Horizon 2020 votes in ITRE (open access, open innovation)

Me and the colleagues are voting on those legislative files which will create the next European research framework program, Horizon 2020. It is five or six legislative files, all of which regulate different aspects of European research and strive for excellence. The parliament has had very extensive discussions this year on open access (to research publications or to research data) and open innovation.

Now, most of our discussions have been very productive. The industry and research committe, ITRE, has been considerably more careful than I would have liked with respect to open acess to data, and the majorities have not been in favour of strong transparency requirements for entities dealing with public money and intellectual property rights, but rather optional or preferred transparency mechanisms. Still, in the end most of the committee reports decided not to stop any ongoing trials for open access to data, and to endorse the open access to publications.

The legislative file on Horizon 2020 called "Rules of Participation", the law which establishes under which conditions under which people can participate or apply for money from the research framework program, turned out relatively ghastly. I had hoped for establishment of open acess terms and dissemination at the start of the program, with dissemination and open access being, in terms, obligatory with the possibility of a short exclusivity retention period. Industry lobbies said that they in principle would prefer an option to have exclusive access to research data for periods as short as 6 months up to a year, but made no claims that exclusive access would be needed for eternity. The rapporteur instead advocated a line where all open access and dissemination is optional, and where terms of dissemination do not have to be put down before the grant is granted. The rapporteur, a German conservative, won - even though his position was far away both from researchers, industry lobbyists and members of his own political group, not to mention his government.

In the legislative file on centers of excellence in the European Union, the committee decided to reject, with a very minute majority, the proposals to establish transparency requirements for IPR management in research projects funded by public money. The closest analogy I can think of is the mobile phone wars or the Sony/LG case from the Netherlands on gaming consoles a couple of years back: it was uncertain whether or not there were patents covering the standard bearing technologies and if so which patents these would be or how they should be licensed easily. In the mobile and gaming console cases, of course the IPRs were (probably) mostly produced through private investments (this is of course a matter of definition), so it is different - one would think we would be more keen on having transparency in the cases where we've used public money to make the IPRs.

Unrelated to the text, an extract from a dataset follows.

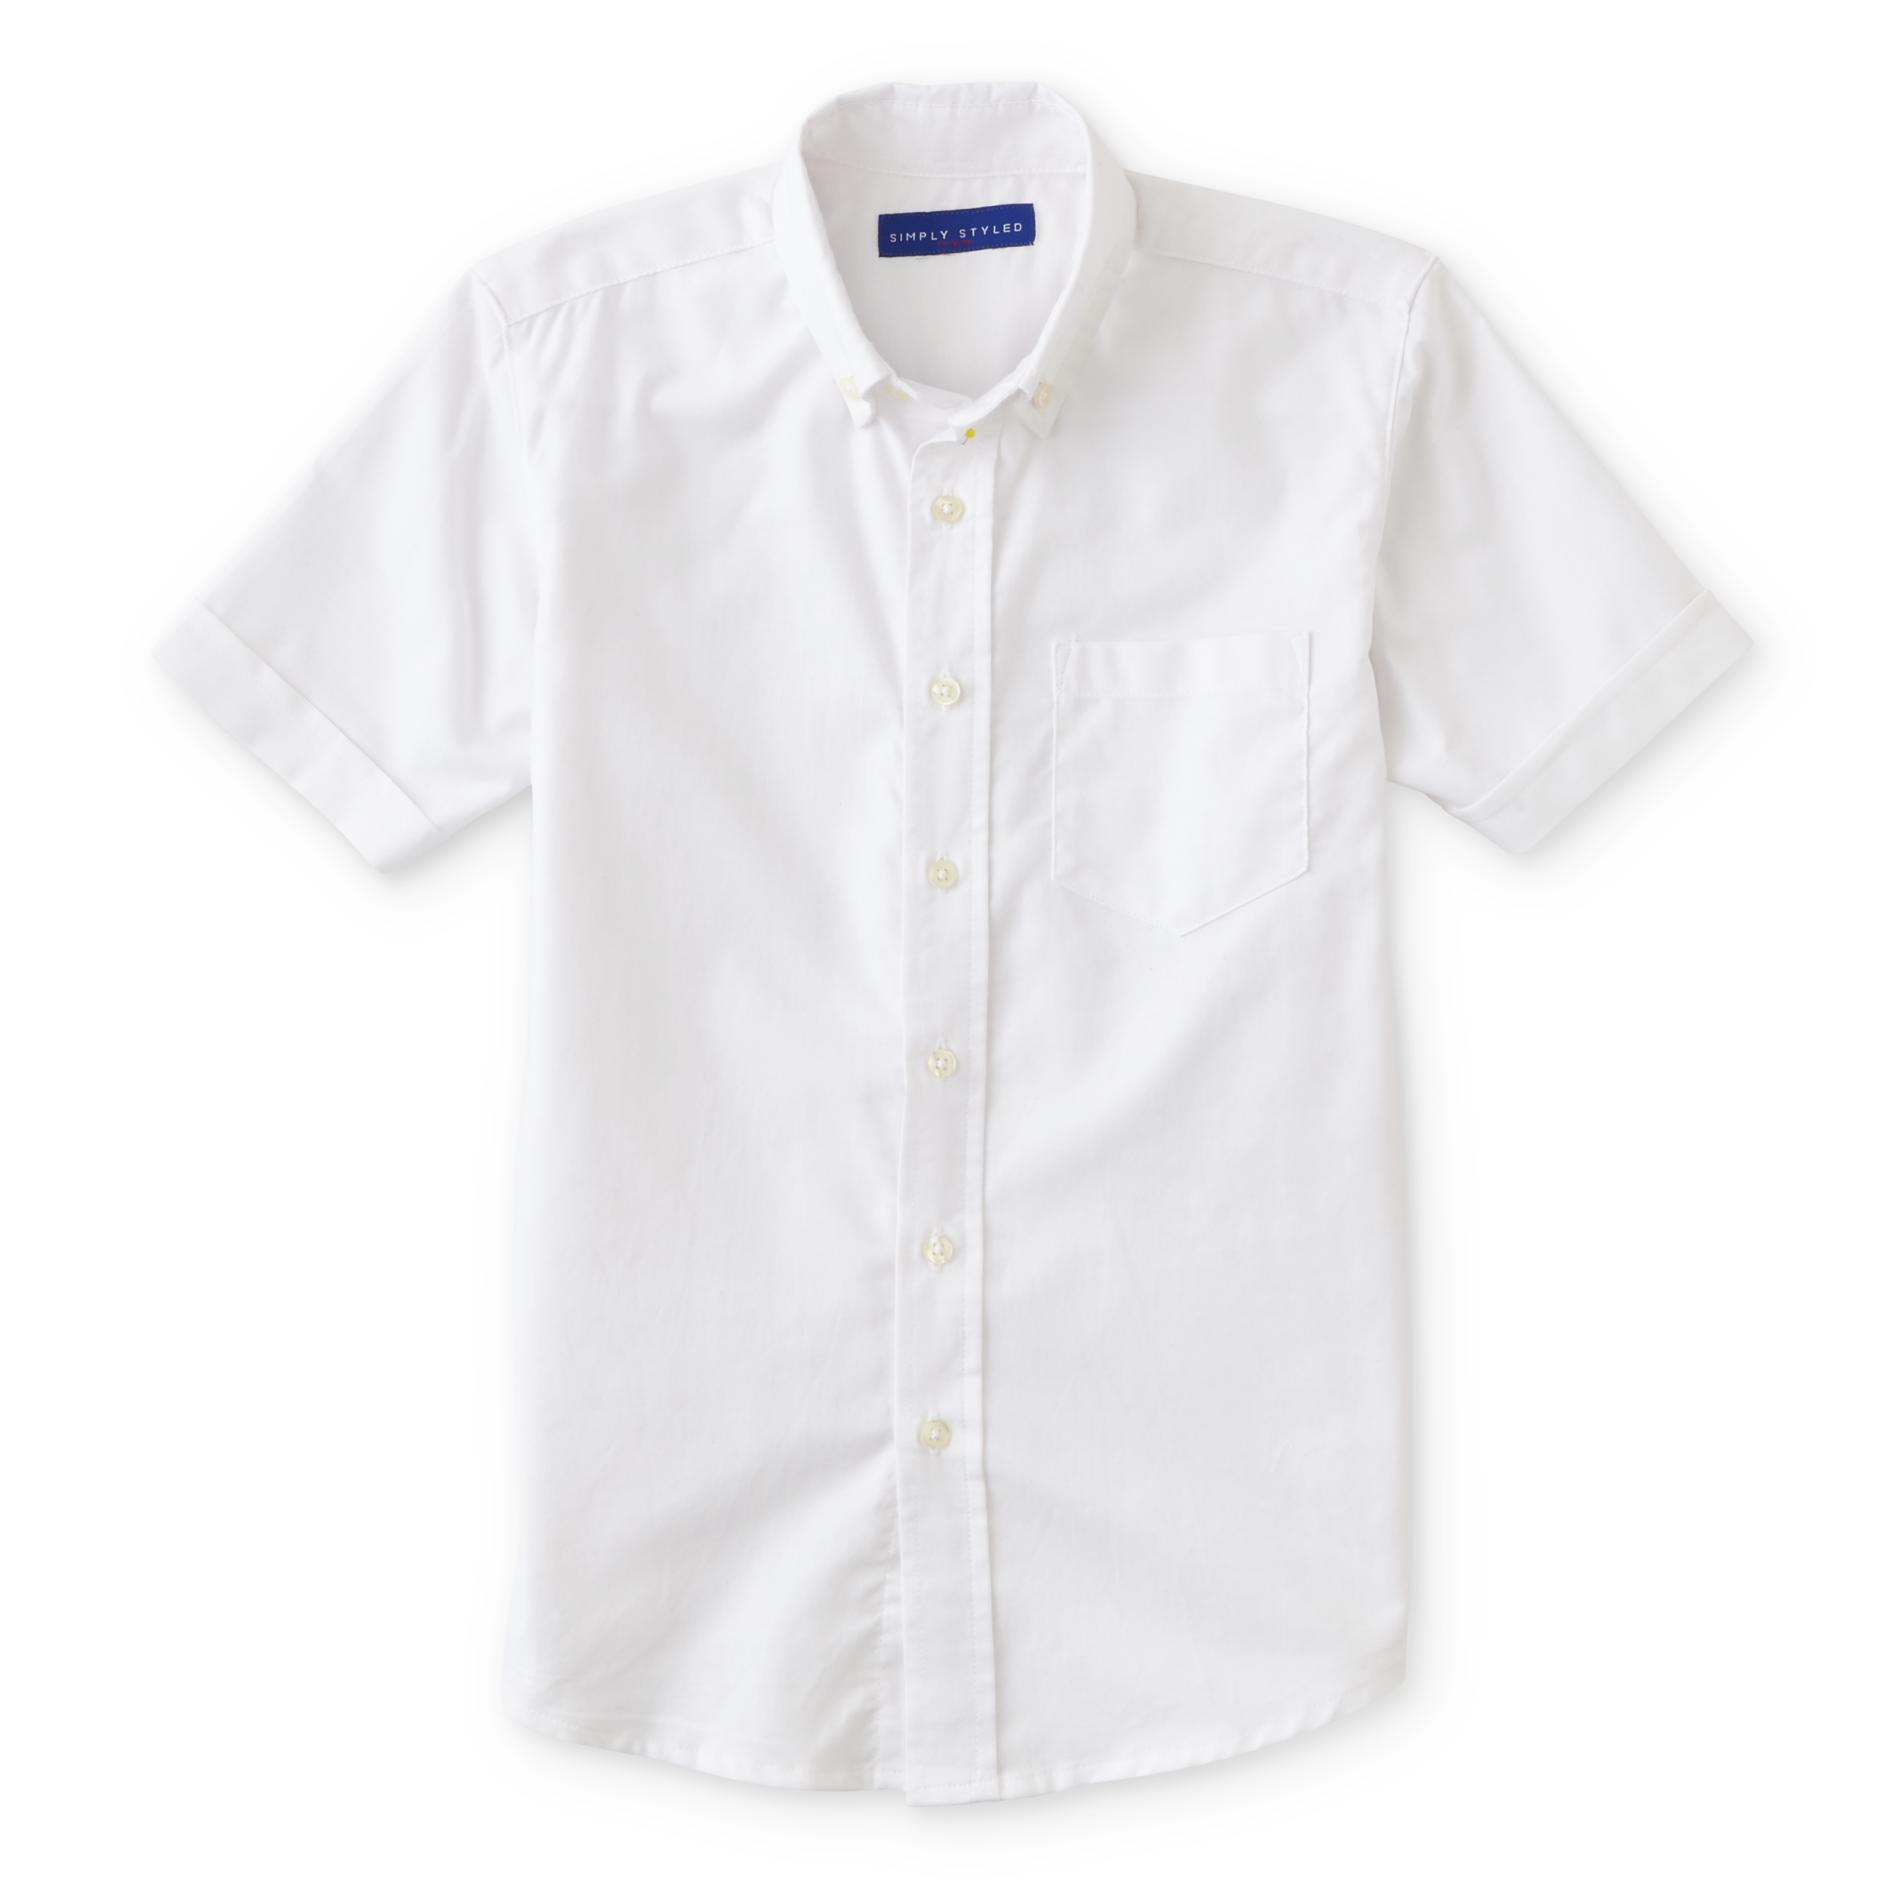 Simply Styled Boys' Short-Sleeve Woven Shirt

Now, it is looking unlikely that there are any opportunities for us to remedy these short-comings of the H2020 reports in terms of information management. The only reason one could want the terms that we approved today with a minute majority today, is that one wants to make the argument in the budget negotiations that the Rules of Participation are really bad and that therefore the research budget can be cut. There are no other logical explanations that I can find, because open access and transparency in patent thickets, or obligatory patent pools, for instance, are useful requirements that would kind of help industry and the European economy, not to mention researchers.